_Source material:_
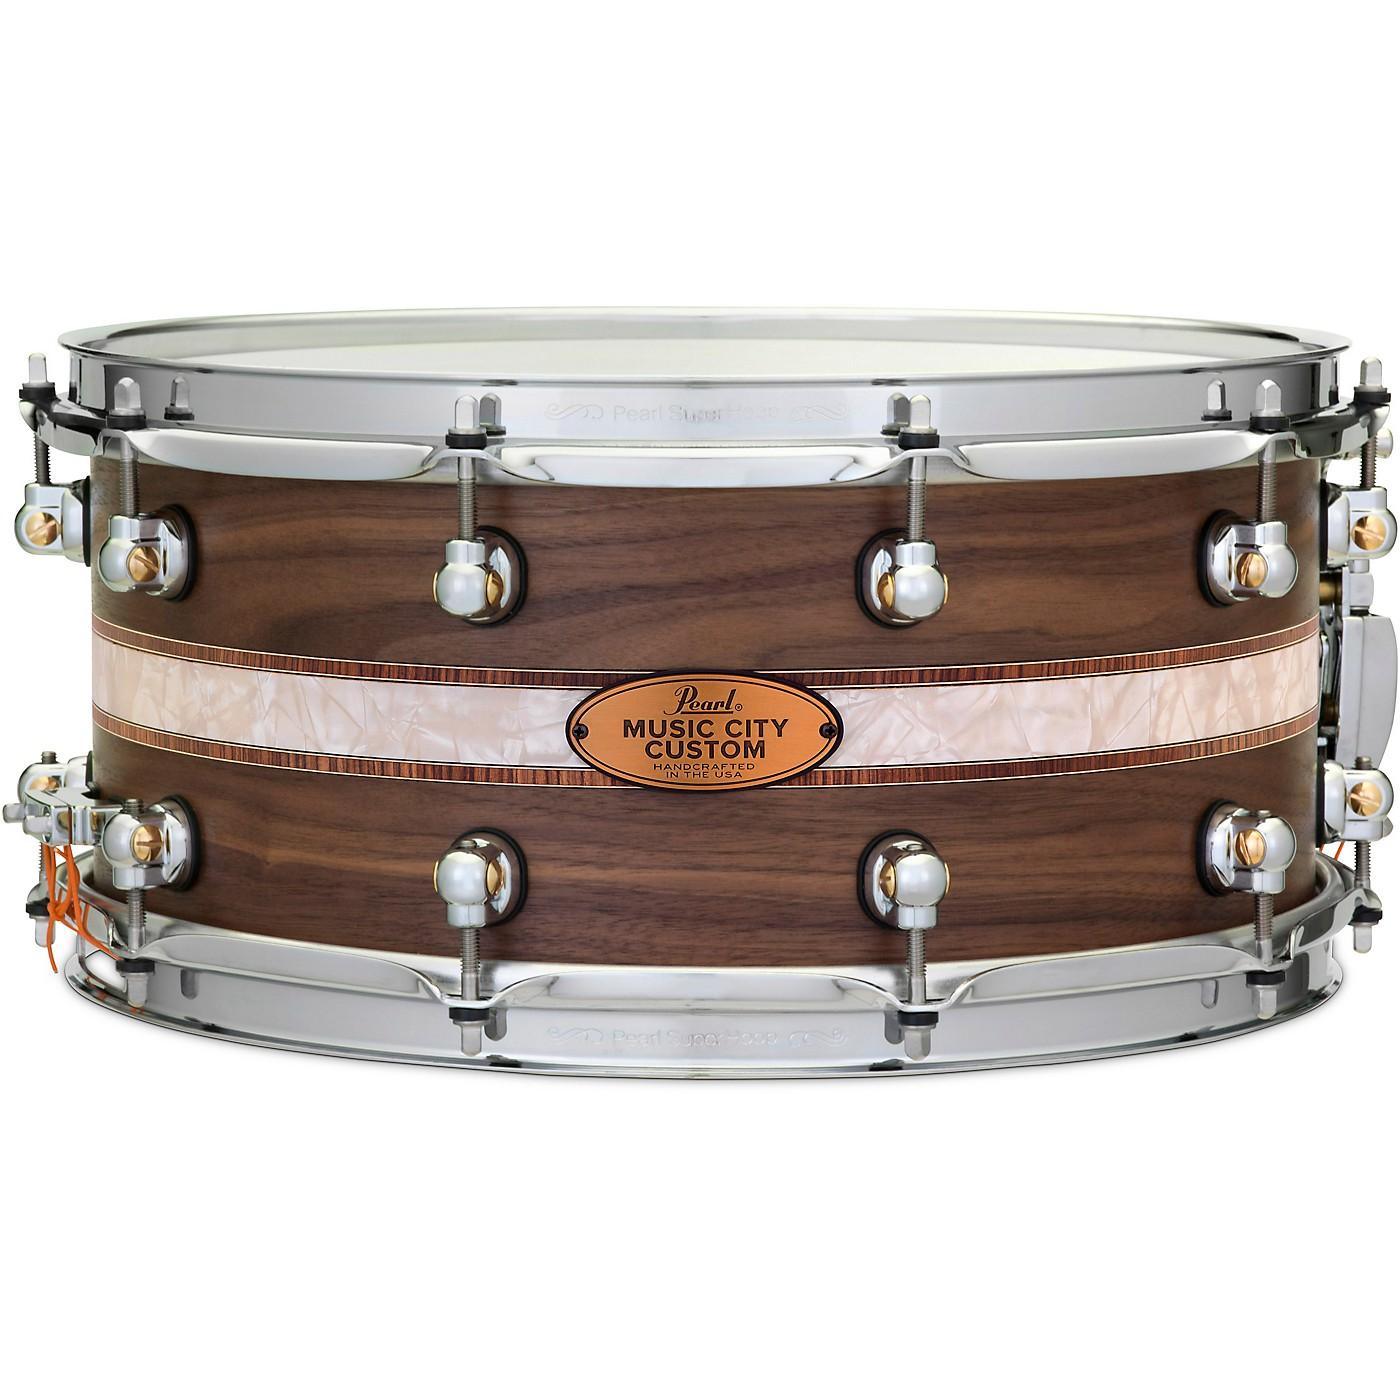 Pearl Music City Custom Solid Shell Snare Walnut with Kingwood Royal Inlay thumbnail
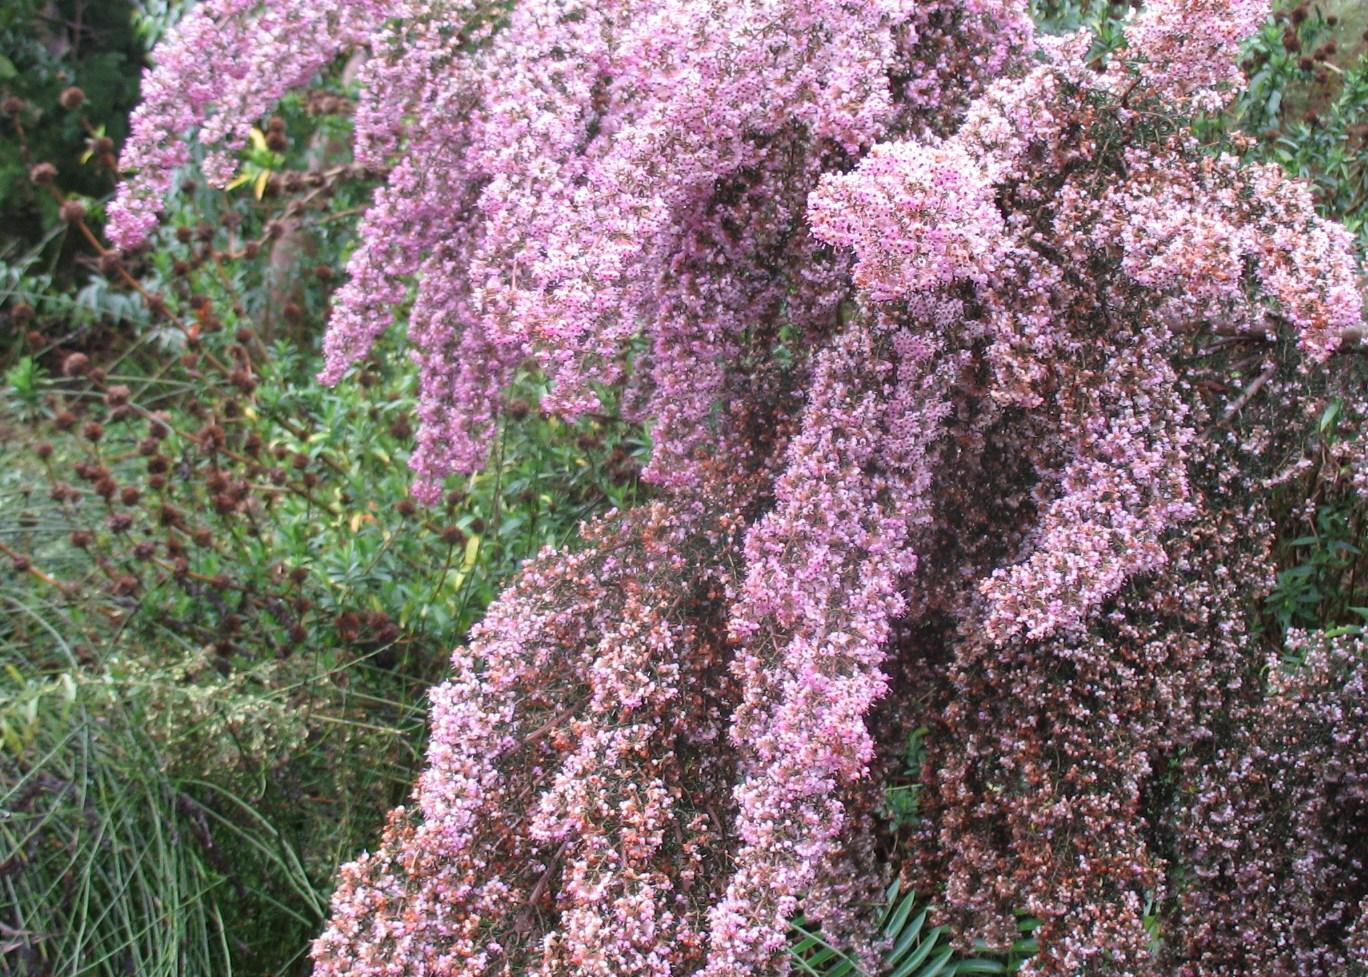 Erica canaliculata 'Rosea' / Erica canaliculata 'Rosea'
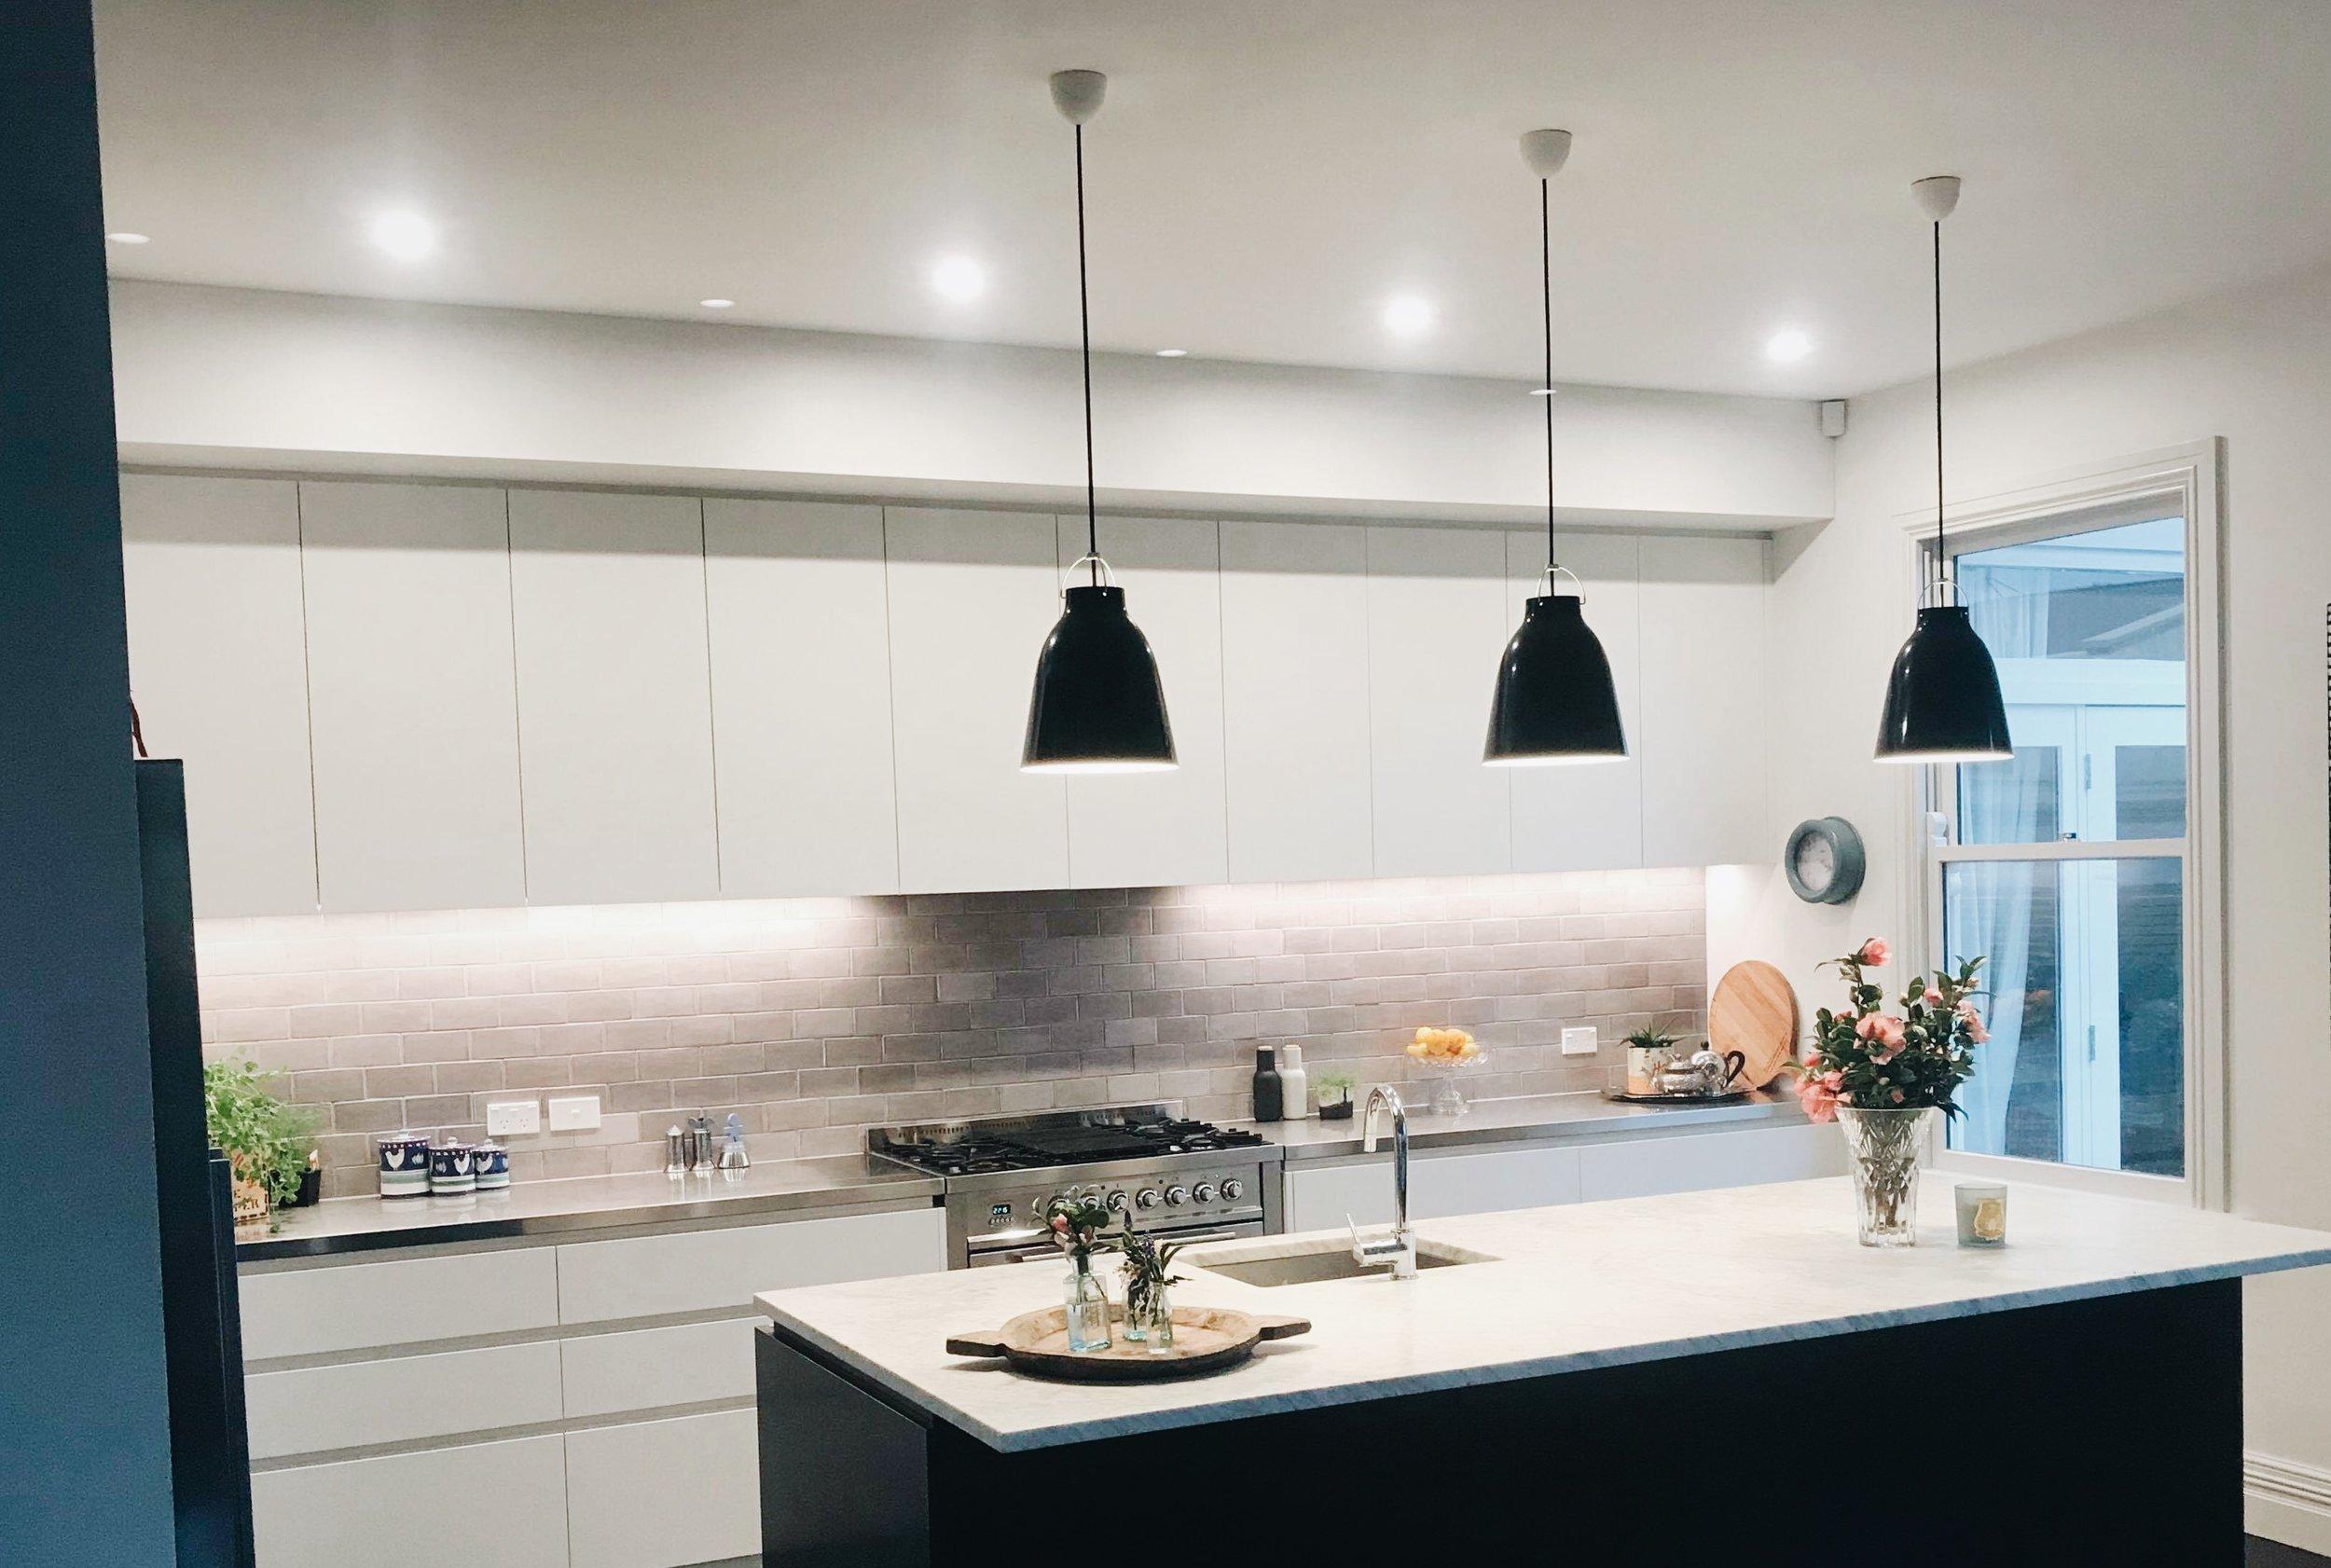 Khandallah Residential Kitchen.
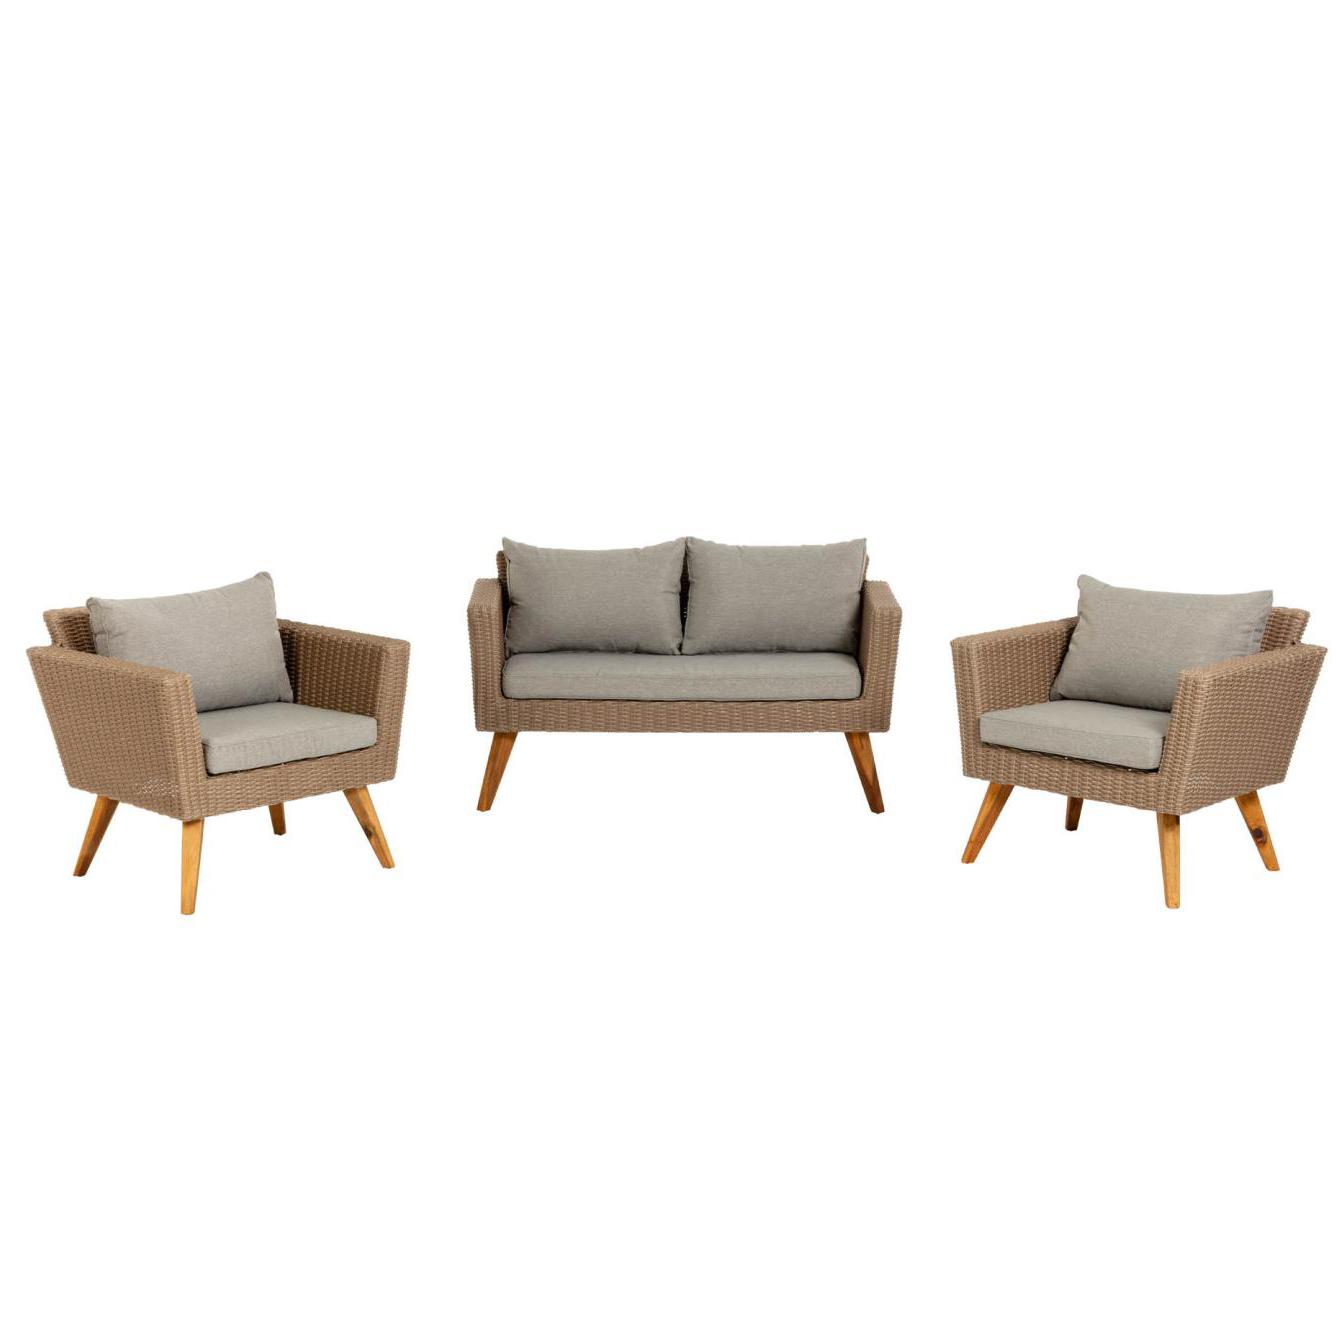 Conjunto Zummer, 1x sofá, 2x cadeirões, vime sintético, cinza

_The task:_ Exact copy required, pictures excluded: the lines from the one holding "Erica canaliculata 'Rosea' /" through the last line of the data, both ends included.

_Written answer:_
 Erica canaliculata 'Rosea' / Erica canaliculata 'Rosea'
 Khandallah Residential Kitchen.
 Conjunto Zummer, 1x sofá, 2x cadeirões, vime sintético, cinza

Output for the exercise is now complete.